In contrast, I faced my own struggles with reading, likely due to undiagnosed dyslexia. Reading aloud was a nightmare for me; I found it challenging to sound out words, especially longer ones, and I often reversed letters when writing. Even today, long words can make my mind wander.

While my friends seemed to breeze through reading, I stuttered and stumbled. Learning new skills, like knitting, often involved me doing things in reverse — it’s just how my brain operates.

Everything changed when I discovered Beverly Cleary’s “Ramona Quimby, Age 8.” This was well into my second-grade year, and for the first time, I connected with a book that wasn’t a graphic novel. I remember skimming over some words, but it didn’t overwhelm me.

My sister had an impressive collection of Beverly Cleary’s books, neatly arranged on her shelf — the only tidy part of our shared room. I wasn’t allowed to touch them, having watched her treasure this collection for years.

After sneaking a read of that first book, I looked at my sister’s bookshelf differently. I wanted to explore all of Cleary’s works, so I began checking them out from the library, where the selection was even more extensive. Our weekly library trips became something I eagerly anticipated.

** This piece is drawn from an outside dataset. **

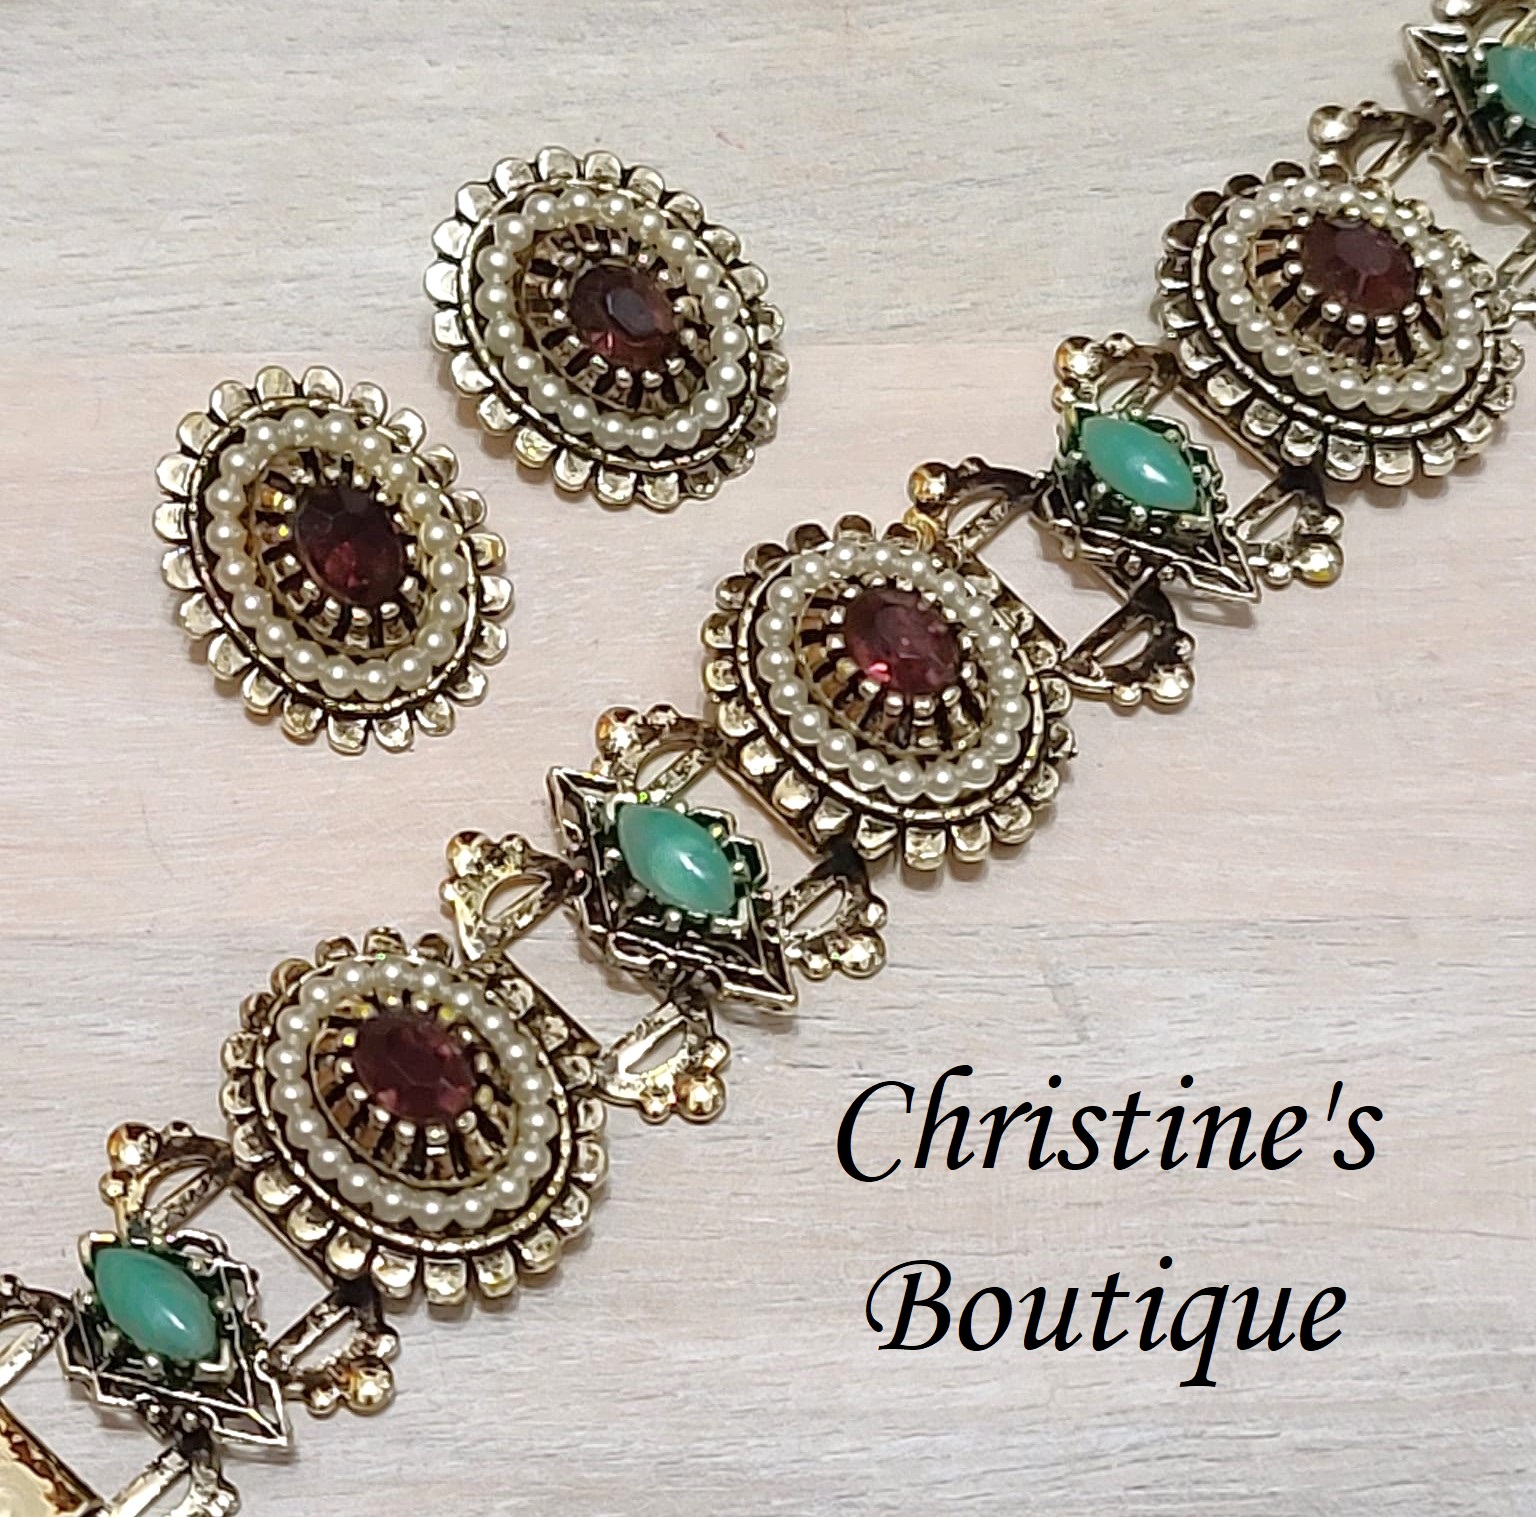 Vintage bracelet and earrings set, pearls, purple rhinestones and turquoise cabachons

Reading became more enjoyable without the fear of my sister snatching a book from my hands while I hid under the sheets with a flashlight.

The colorful covers and playful titles of Cleary’s books felt inviting. I resonated with Ramona and her experiences — her relationships with her father, Beezus, and her mother — and I felt like I was part of their world.

There were moments when Ramona’s antics annoyed me, but I realized these stories evoked emotions I had never felt while reading before. It became a form of escape for me.

That feeling hooked me. It took months before I dared to read another author, afraid that no one else could captivate me like Beverly Cleary did. I cherished the moments spent reading in the hammock while my younger sisters begged me to help make applesauce from the fallen fruit.

I often wonder: if I hadn’t picked up a Beverly Cleary book, would I have ever embraced reading? It’s disheartening to hear teachers point out poor reading skills repeatedly; it can make anyone doubt themselves. What if I had missed her iconic books? What if I hadn’t dared to defy my sister that boring Saturday afternoon to take “Ramona Quimby, Age 8” off the shelf? Would another author have inspired me the way Cleary did?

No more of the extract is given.